In his chapter entitled "Convince Canadians of the importance of economic freedom," Gutstein described how neo-liberals and libertarians perceive Canada's Supply management as an obstacle to economic freedom and how think tanks and the media have attacked Canada's supply management. Under Stephen Harper, neo-liberal think tanks and through them, the media, called for the elimination of supply management with its alleged market distorting mechanisms. The Fraser Institute's use of the "egg marketing cartel" in a 1981 report by American economist Thomas Borcherding, marked the beginning of an aggressive campaign to end supply management in the ensuing decades.
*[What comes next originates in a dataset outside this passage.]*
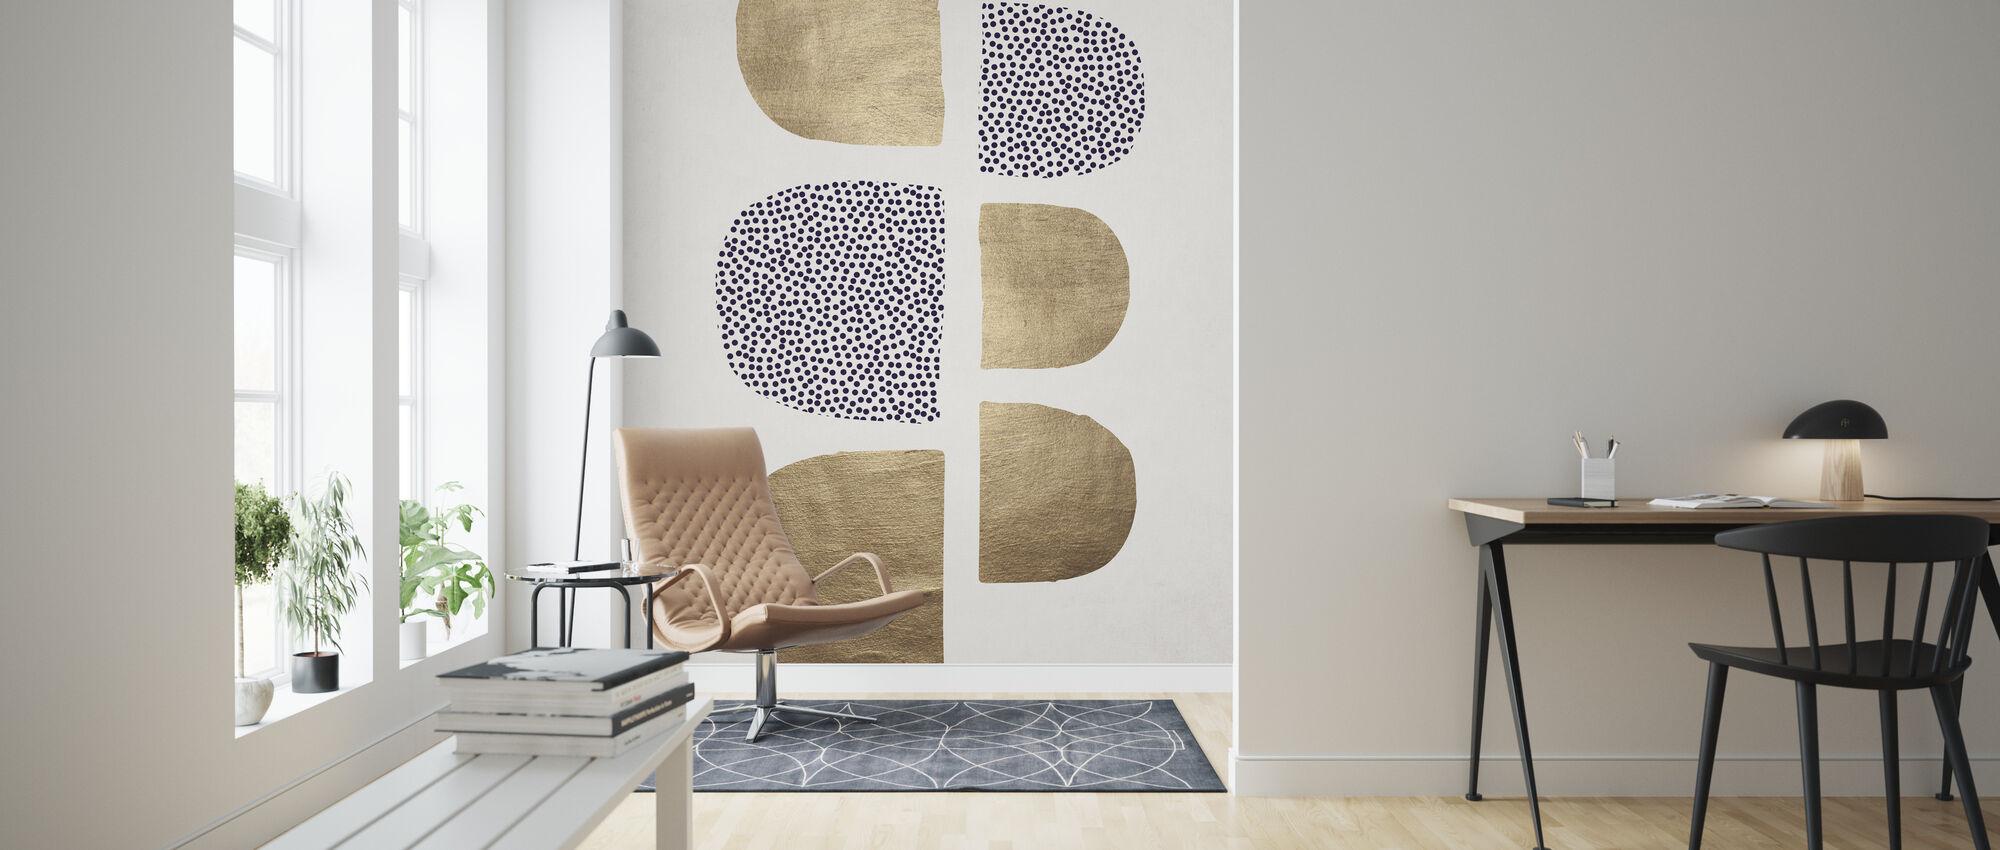 Geometric Abstracta - Wallpaper - Living Room

Gutstein sharply challenged journalist and editor Neil Reynolds (1940 - 2013), a libertarian, who criticized supply management in his call for economic freedom in thirteen Globe and Mail columns from c. 1997 through 2012, for an inaccurate portrayal of New Zealand's dairy industry.

==Reviews==
In his review published in the Canadian Journal of Communication, Brian Gorman described how Gutstein calls for "a new role for government … one that doesn’t treat everything as an offshoot of the economy, but reincorporates social and political rights into its mandate while addressing the dominance of the market in social and political life."

Canadian columnist and editor Andrew Coyne ridiculed Gutstein's premise that Harper and Coyne himself as a Donner Canadian Foundation board member, were part of a "vast network of free-market policy shops...The dullest commonplaces of mainstream economics are here transformed into a strange and threatening "neo-liberal" conspiracy, while pimply economists in threadbare offices are endowed with an occult power they never knew they possessed."